All that aside, here are some of the ideal qualities I’d like to see in a woman (note the use of the word IDEAL and not PERFECT):
- Not a project – (meaning I don’t have to “fix her”)
- Independent – I don’t want their life focusing on me, or depending on me. I want to complement, but not compose their life. I want to make her life better.
- Driven – Must want to excel in life, and improve
- Intelligent/challenging – I get bored very easily and need someone who can keep up with my conversations.
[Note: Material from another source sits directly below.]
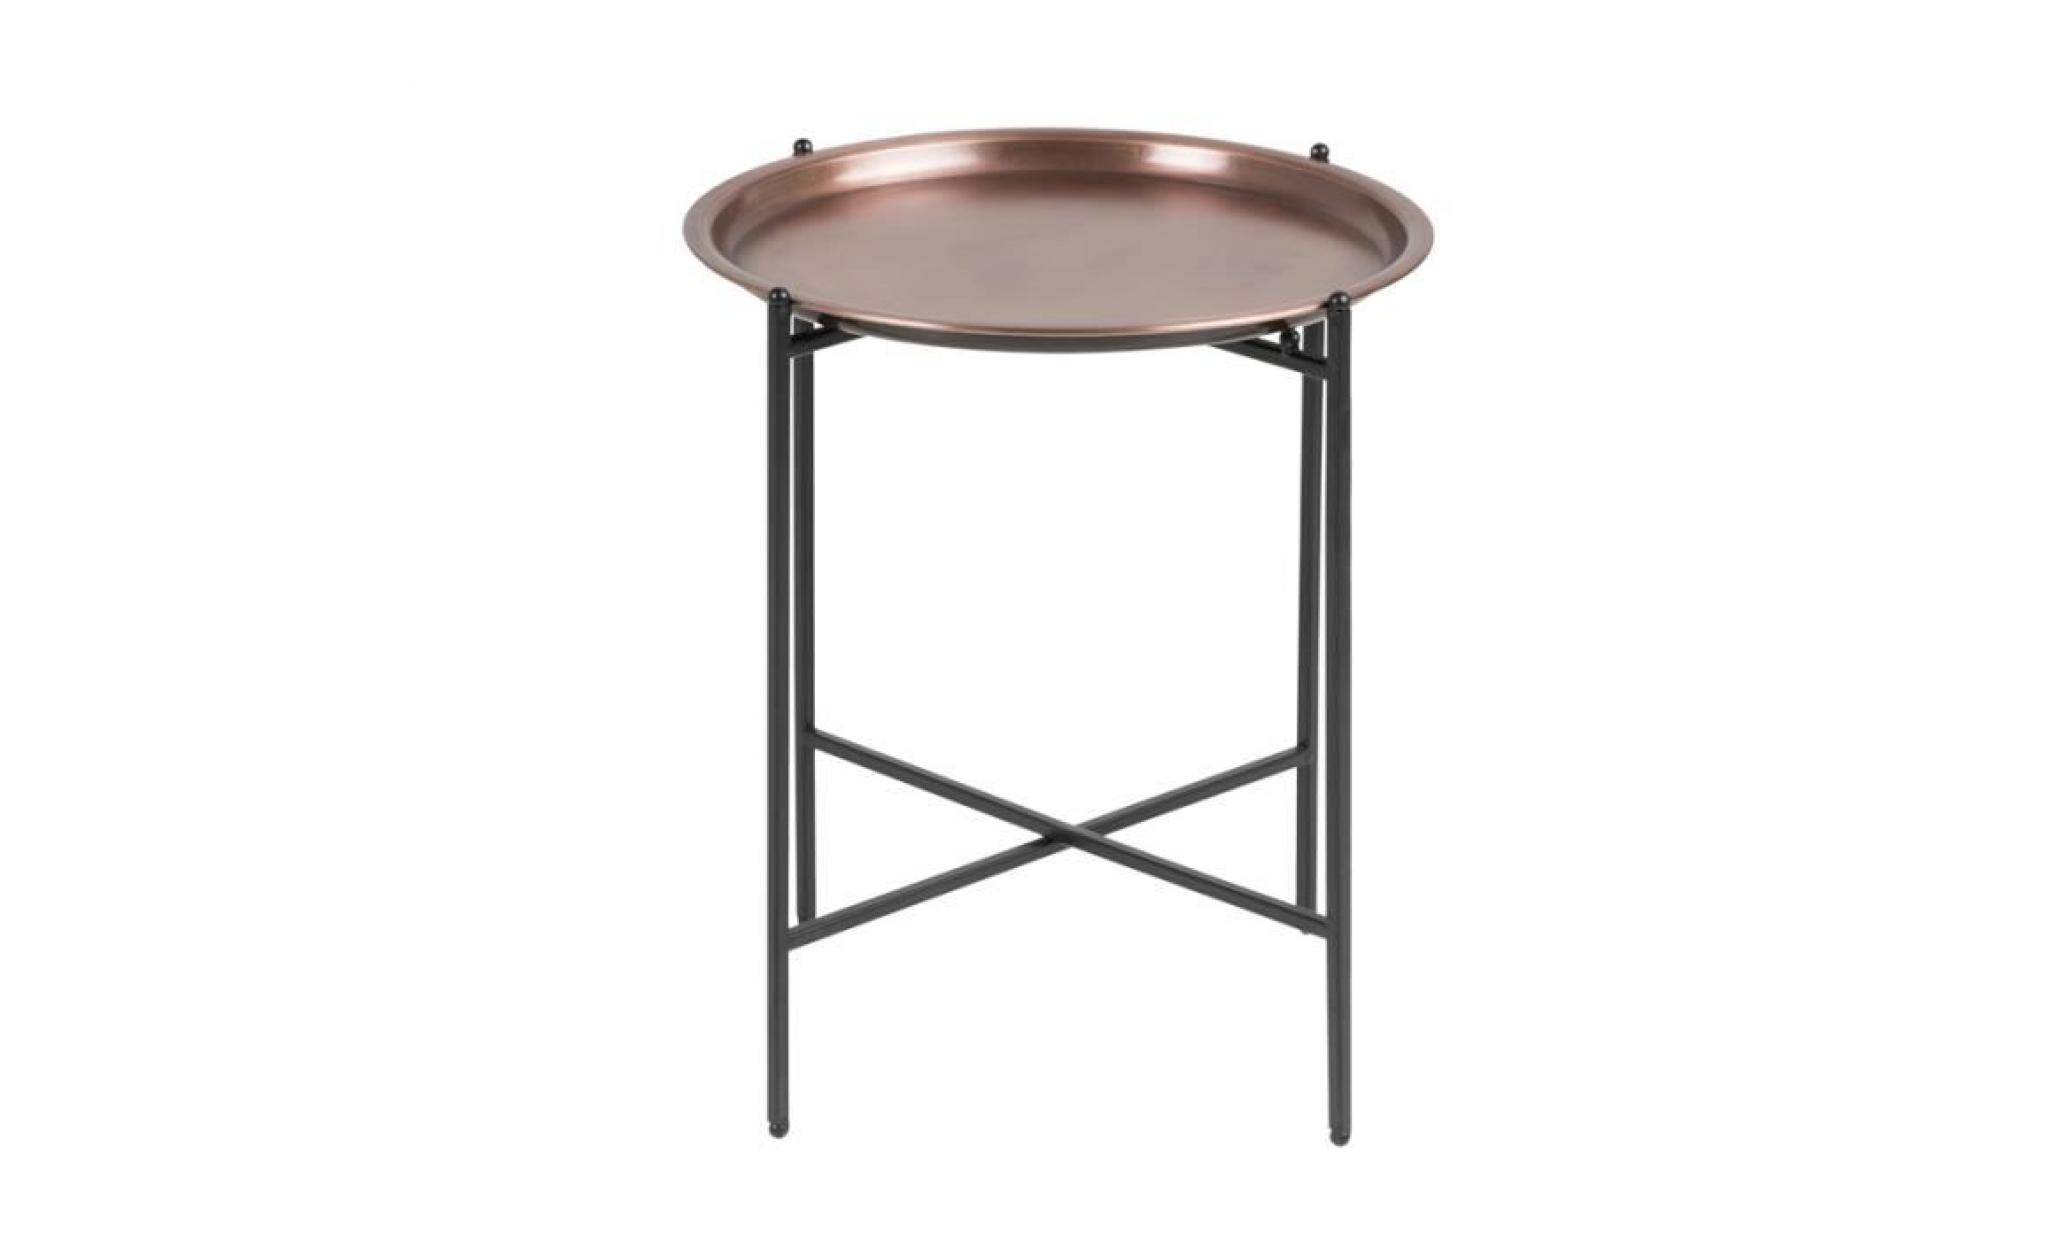 table de chevet glamour / table basse   millie   ⌀ 39,5 cm   noir / laiton   pieds en acier   style glamour   forme minimaliste pas cher

They need to challenge my senses, keep me on my toes intellectually, call out my bullshit when necessary.
- Cultured/worldly – I don’t mean loving the opera, I mean at least being open to diversity and new experiences
- Adventurous – Back to #4, I get bored, and need to try new things, seek out new places.
- Active – I don’t want someone who just sits around all day. I do enough of that while working.
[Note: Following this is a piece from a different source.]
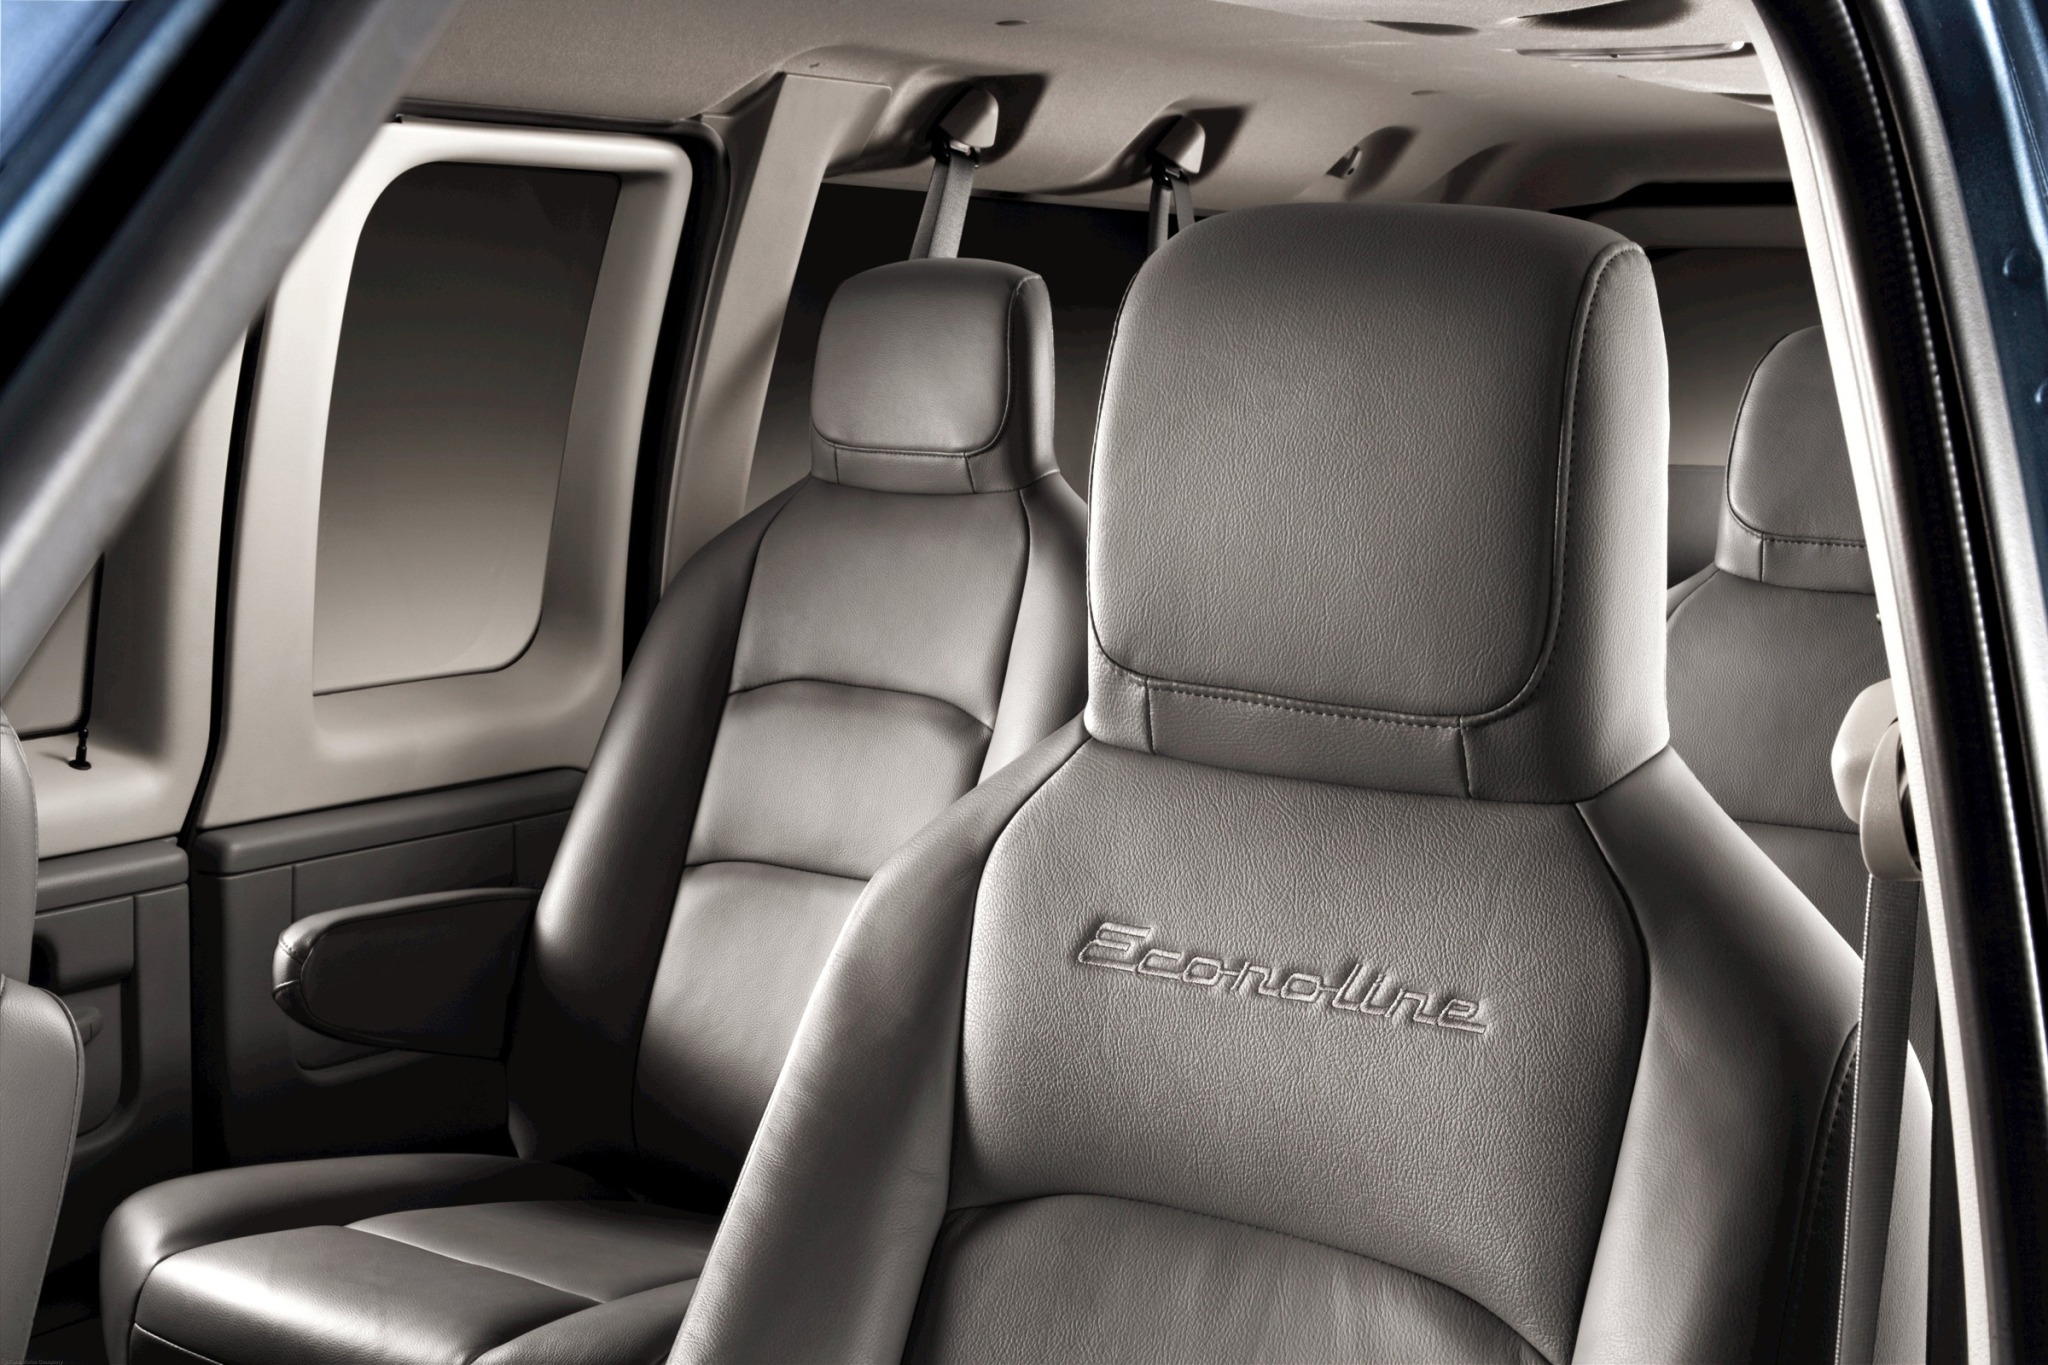 2013 Ford E-Series Wagon E-150 XLT Passenger Van Interior

- Passionate – This isn’t a lust thing, but passionate about something that drives them, gets their gears going up there.
- Funny – Or at least have a great sense of humor.
- Thick skinned – Life is tough, I want someone who is aware of that. She doesn’t have to be tough, just not melodramatic about trivial things
- Stable (mentally) – I’m not good at dealing with crazy. Especially when its crazy for the sake of attention only.
- Stable (financially) – She doesn’t have to be rich, just have a career trajectory in mind. Having a professional plan is all I want.
- Able to be an extrovert and an introvert too – Sometimes I’m shy and need someone to balance me out, othertimes i need someone happy to sit back as I’m the center of attention
- Willing to compete – With me, or with others in life. I don’t want someone who lacks that fire inside them
- Makes up their own opinions – I want someone who comes to their own conclusions, not what they were fed blindly as a child. Also don’t agree with everything I say, I say dumb shit on PURPOSE to gauge reactions.
- Attractive – Do I really need to explain this?
So there you have it, a list of ideal qualities I’d like to see in a woman. Please take this with a grain of salt, as I firmly believe one shouldn’t go around making these lists and using them as shopping lists or grades. So what am I missing here? Should I not have put this out there?
Brian – I am so glad that you did this. Not only because I think it's brave for a man to be so candid about what he's looking for in a woman, but also because it's interesting to see what men really value. I love #2. I'd wager that at least 75% of the relationships I've seen and even participated in have been Co-Dependent at worst, and imbalanced at best. Independence and Mutual Respect are key to a healthy, balanced relationship.
I have some extra items that I will not share, but in general, I think this is an excellent list.
I really like your list. Maybe add a few things:
– Agrees with your interpretation of “in good times and in bad”…as in doesn't get jealous of you if things are going really well and doesn't abandon you when times are really tough. Conversely, someone who lets you share in their joy and sorrow rather than shut you out (and vice versa).
– Shares the same commitment philosophy because sometimes there will be lull's in the relationship but you stay in it, committed, because you're just as sure that there will be good times again too.
– AND you forgot to mention the absolutely insane 100 point scale we created over Thanksgiving break.tsss.
I second ericaogrady's sentiments – I think this is great. All of the items you list sound reasonable and are characteristics I would want in a companion.